Why did you use the piranha nut? Just to earth the coupler?
Yeh, you could argue that it is unaccessible but it's good practice.
@@MyTrustedElectrician could you have used a plastic coupler?
And expensive!
Quick question
U had two cables coming down one into the fused spur and one leg in the double socket
We're both of these flat twin and earth coming from that indoor socket??
Thanks for the upload
Yes, to extend the ring circuit mate. So I could spur oof more then once.
Why don't the cable manufacturers insulate the earth wires in your 1.5mm2 & 2.5mm2 Twin & earth? BTW our day to day price for an RCBO is AUD 30ish (GE/Legrand/Hager Schneider is a little more 6kA c curve 6 - 45A)
Andrew @ DNN I know what you mean it’s a pain in the arse
There is wiska boxes with back entry mate
You're probably right. I know they have a ton of gadgets now.

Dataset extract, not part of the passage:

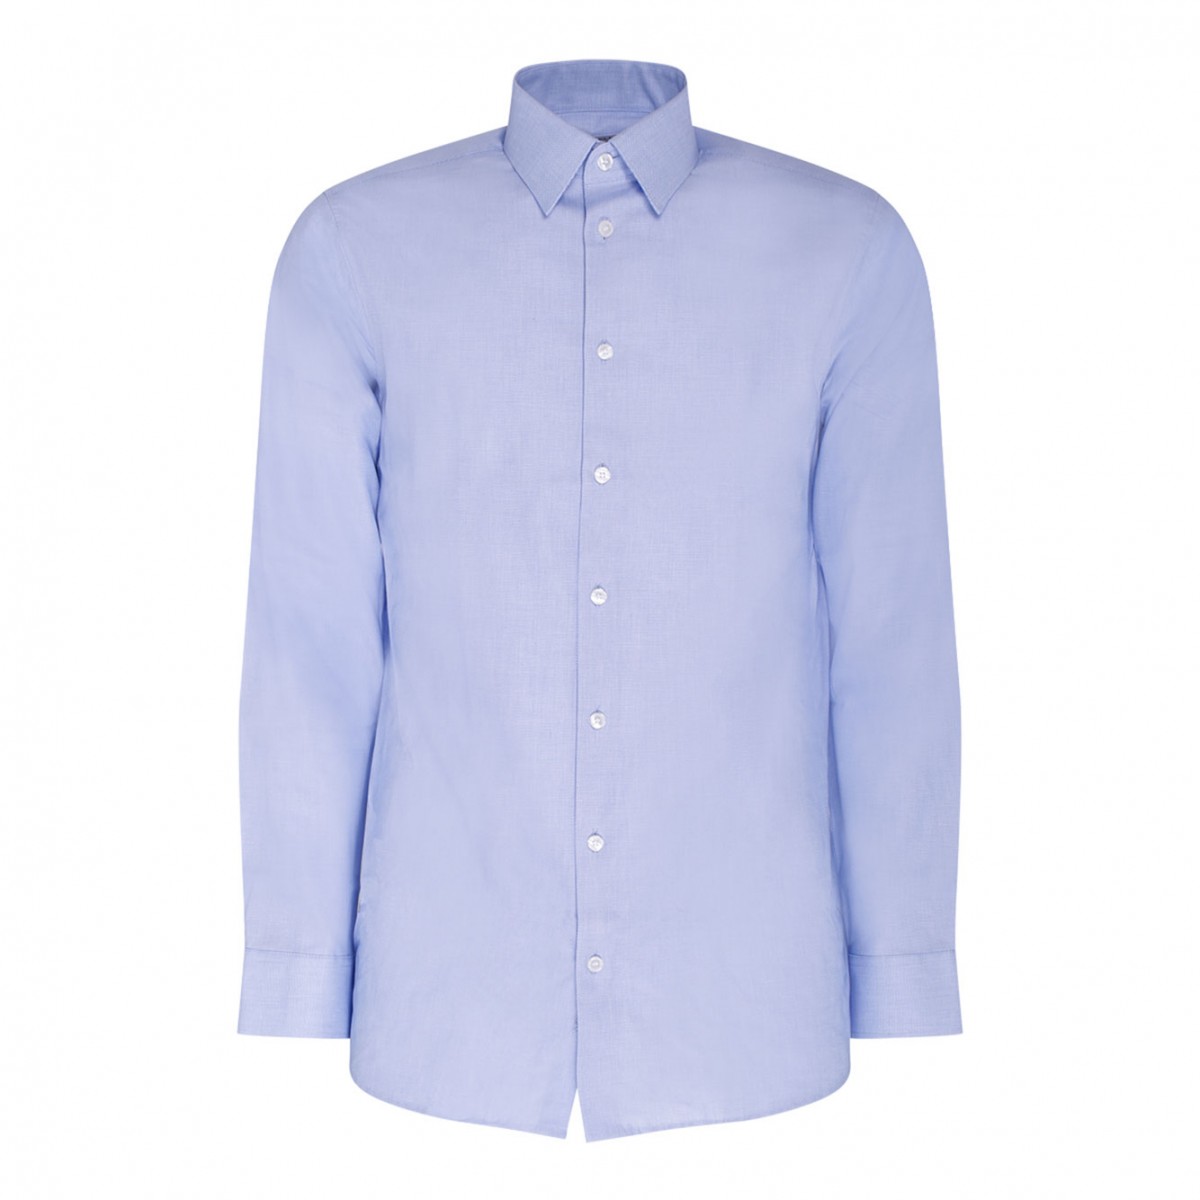 Selected Light Blue Cotton Texture Shirt.

I will try get you the model number
Why did you decide to use an earth nut instead of a ribbed lock ring? just curious.
You could argue that the galv nipple is not accessible but it just feels right to earth it as I have live cables running through it. It's just how I do it.

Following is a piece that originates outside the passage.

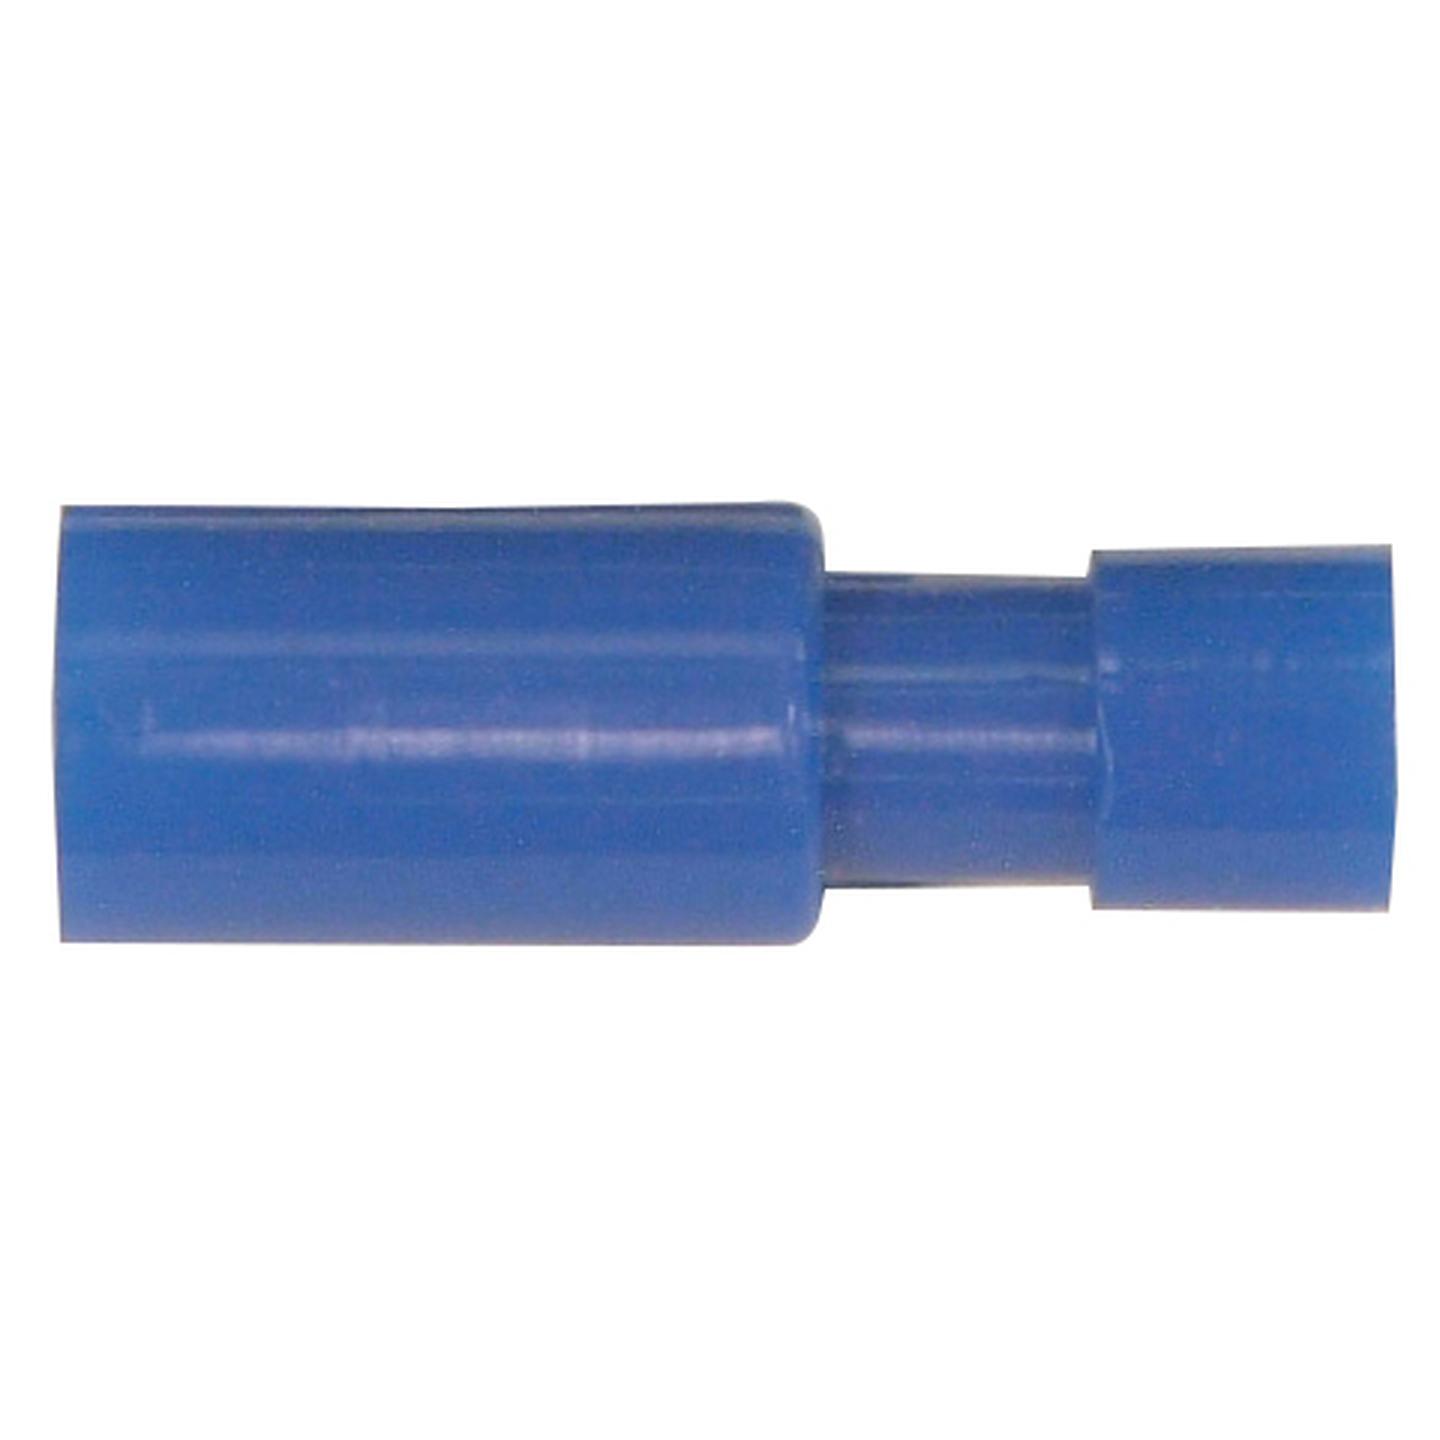 4mm Bullet Female - Blue - Pack of 100

What testing is needed mate After these jobs were completed
That is a great question!
So both jobs were alterations/additions to existing circuits and either were in a special location. This means that both can be covered with a simple MWC. However it's worth noting that a MWC does not ask for ring continuity values which I would consider important for work carried out on a ring circuit. I would write these values down in the notes column.
good job bro I want this job.plz
20m contractors pack would be more suited for that
Why wouldn’t you just put a cu in the garage ?? With a spare way for the timer ?

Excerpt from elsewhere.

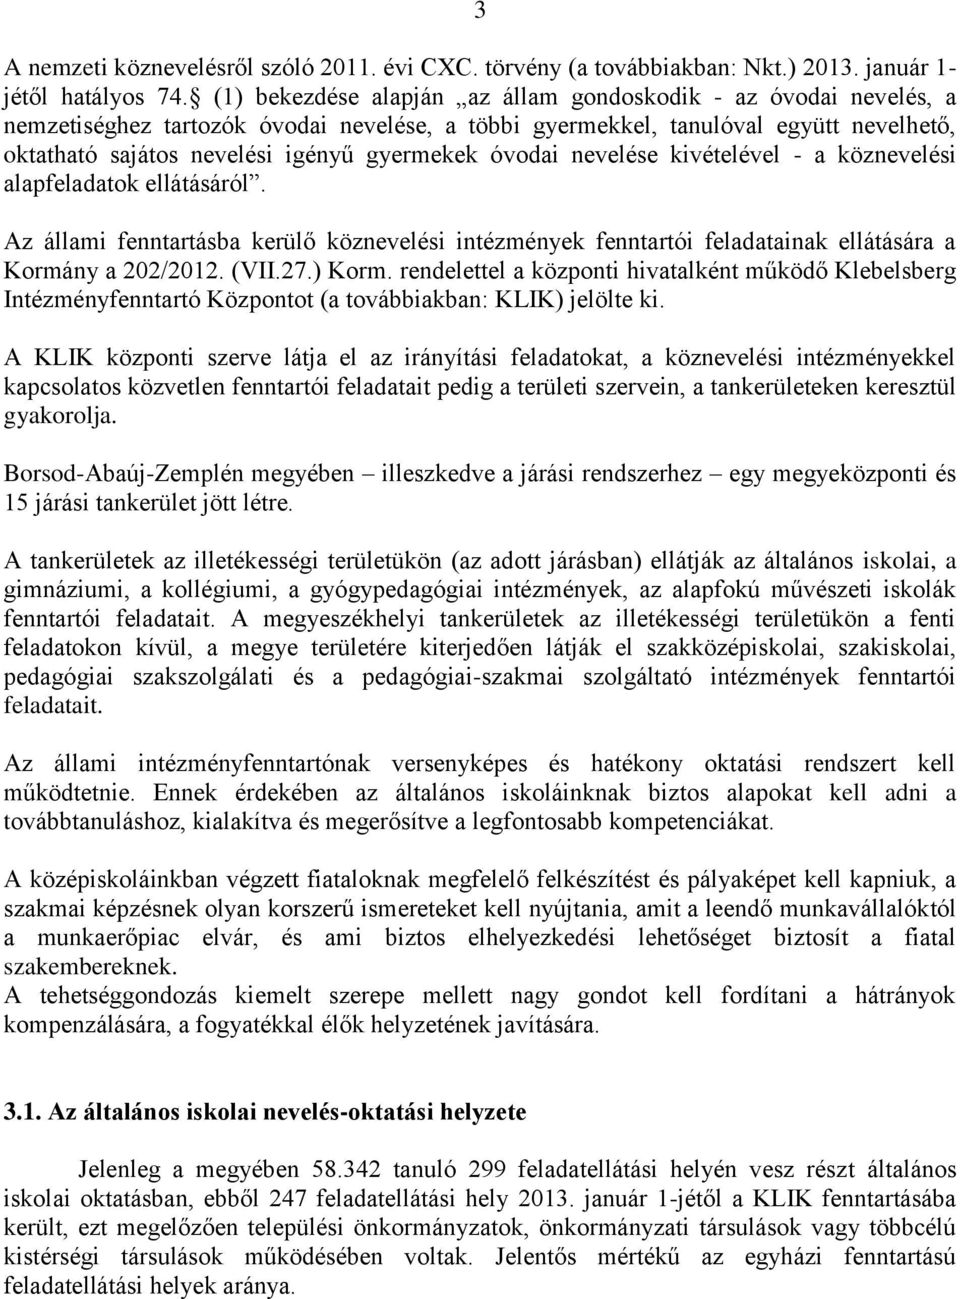 óvodai nevelése kivételével - a köznevelési alapfeladatok ellátásáról. Az állami fenntartásba kerülő köznevelési intézmények fenntartói feladatainak ellátására a Kormány a 202/2012. (VII.27.) Korm.

Just? 😮 Sounds like a big job.
I have been there about 6 times it is a pain
if that was a timer spur no need for the extra spur unit
I never use plastic sockets or fittings in any out building, garage, shed etc. Two reasons, firstly they are not as tough as metal and secondly and most importantly, if a plastic switch or socket gets covered in condensation you can receive quite a nasty shock from it. This doesn't happen with metal as they're usually earthed and if they get too damp they will knock of the RCD. Of course you can't earth plastic so current can track along the condensation enough to make the socket (or film of condensation) live but not enough to register at the RCD. It drives me mad when I see qualified electricians using plastic in damp out buildings.